Big data, the enhanced ability to collect, store and analyze previously unimaginable quantities of data in tremendous speed and with negligible costs, delivers immense benefits in marketing efficiency, healthcare, environmental protection, national security and more. While some privacy advocates may dispute the merits of sophisticated behavioral marketing practices or debate the usefulness of certain data sets to efforts to identify potential terrorists, few remain indifferent to the transformative value of big data analysis for government, science and society at large. At the same time, even big data evangelists should recognize the potentially ominous social ramifications of a surveillance society governed by heartless algorithmic machines.
In Judged by the Tin Man: Individual Rights in the Age of Big Data, Omer Tene and I present some of the privacy and non-privacy risks of big data as well as directions for potential solutions. In a previous paper, we argued that the central tenets of the current privacy framework – the principles of data minimization and purpose limitation – are severely strained by the big data technological and business reality. Here, we assess some of the other problems raised by pervasive big data analysis. In their book, “A Legal Theory for Autonomous Artificial Agents,” Samir Chopra and Larry White note that “as we increasingly interact with these artificial agents in unsupervised settings, with no human mediators, their seeming autonomy and increasingly sophisticated functionality and behavior raise legal and philosophical questions.”

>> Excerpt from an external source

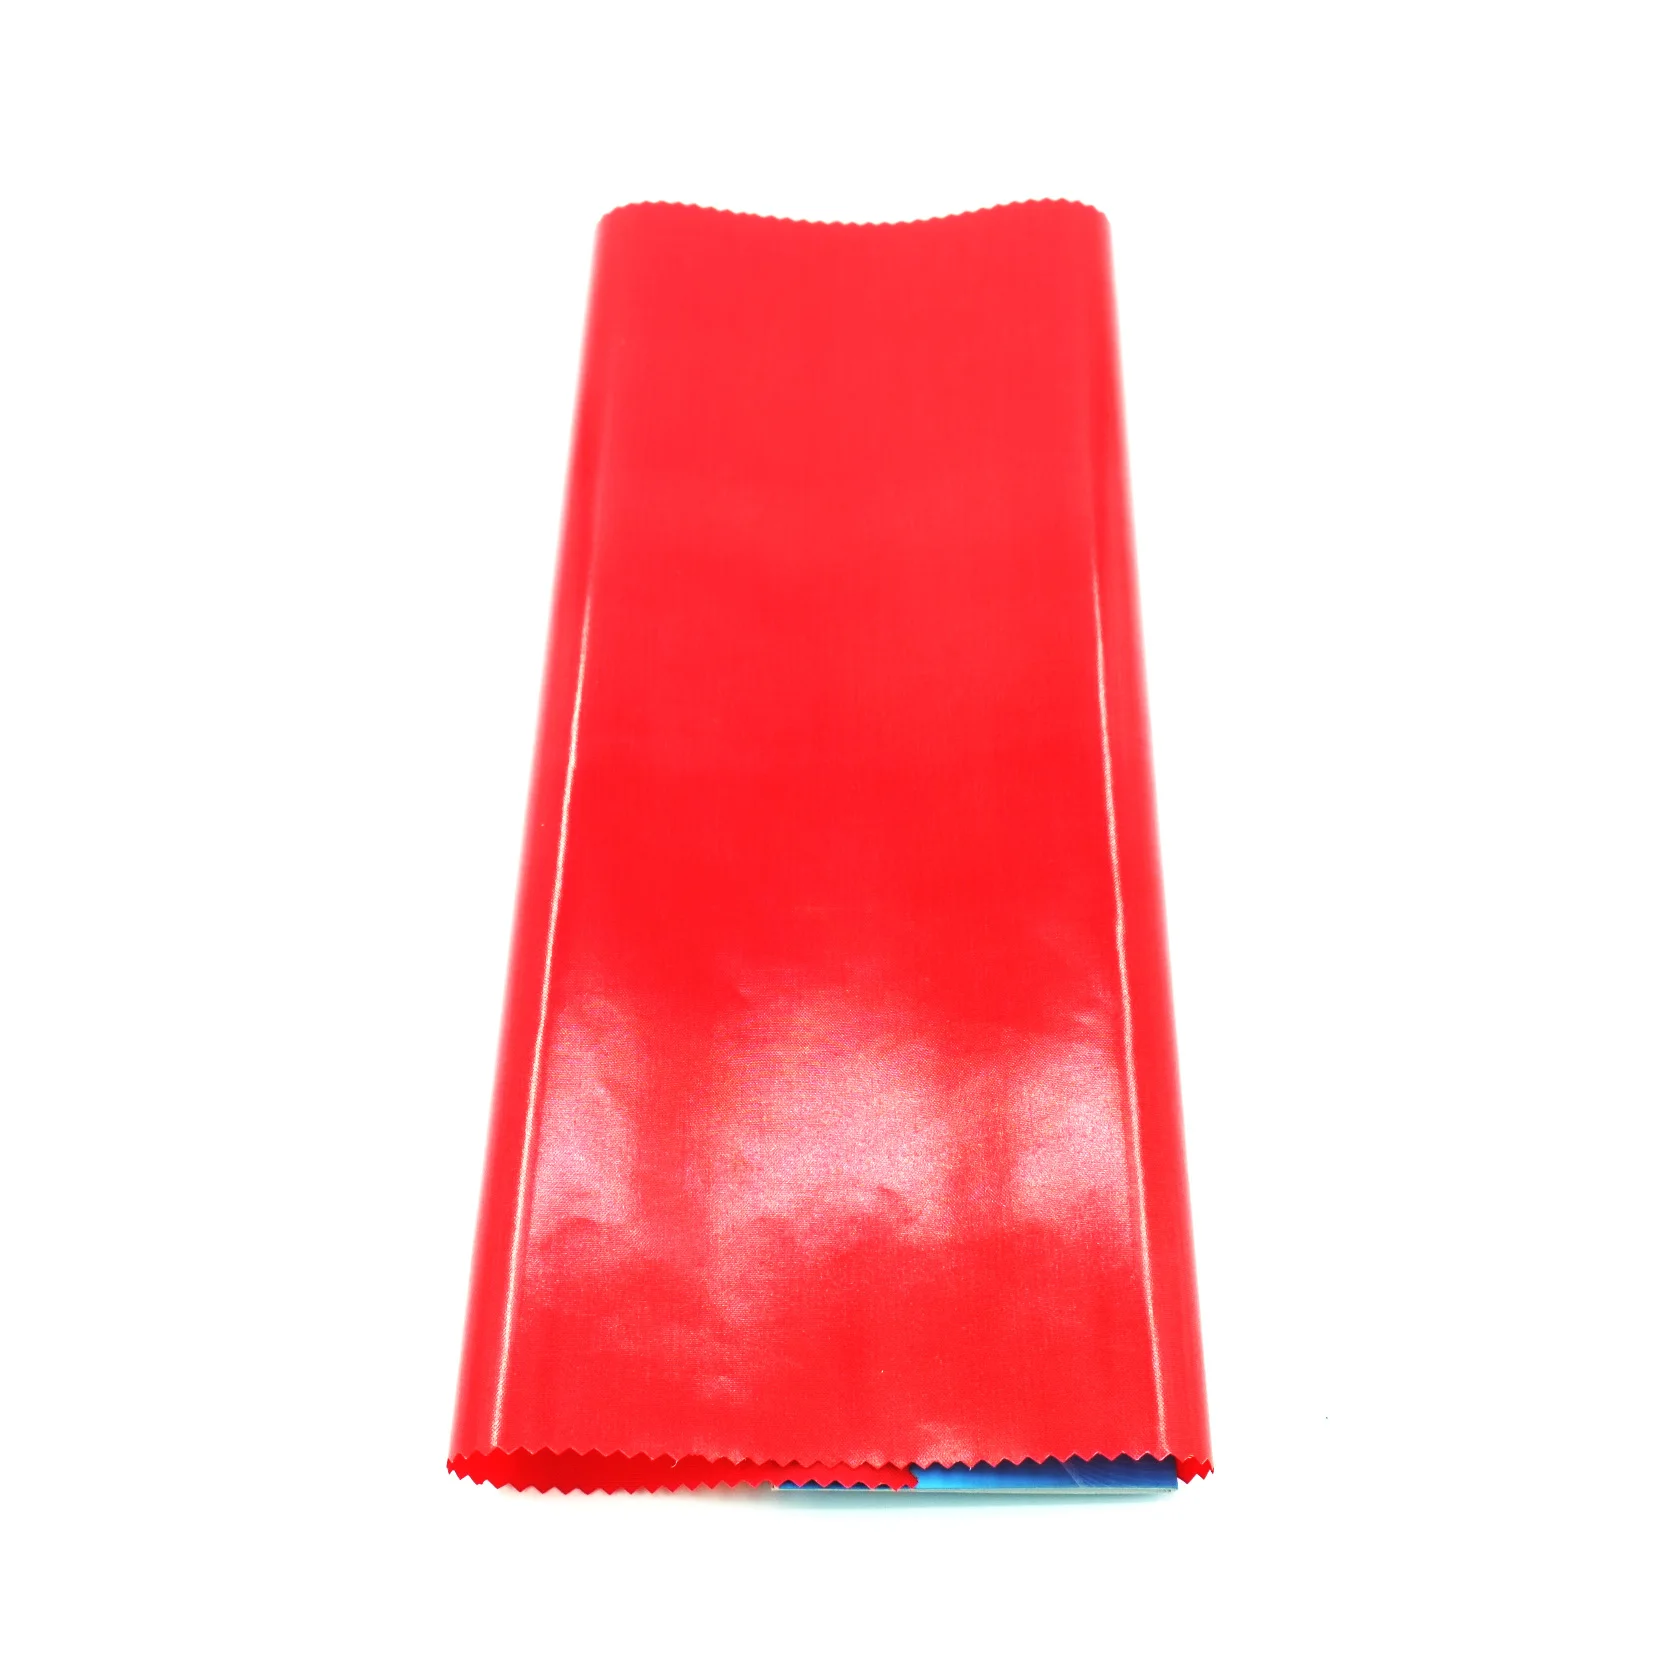 
Nylon 66 with TPU coating for inflatable boat fabric

In this article we argue that the focus on the machine is a distraction from the debate surrounding data-driven ethical dilemmas, such as privacy, fairness and discrimination. The machine may exacerbate, enable, or simply draw attention to the ethical challenges, but it is humans who must be held accountable. Instead of vilifying machine-based data analysis and imposing heavy-handed regulation, which in the process will undoubtedly curtail highly beneficial activities, policymakers should seek to devise agreed-upon guidelines for ethical data analysis and profiling. Such guidelines would address the use of legal and technical mechanisms to obfuscate data; criteria for calling out unethical, if not illegal, behavior; categories of privacy and non-privacy harms; and strategies for empowering individuals through access to data in intelligible form.
Many of the leading academics in the U.S. will be convening on September 10 in Washington to debate strategies to reconcile Big Data and Privacy. Wish us luck!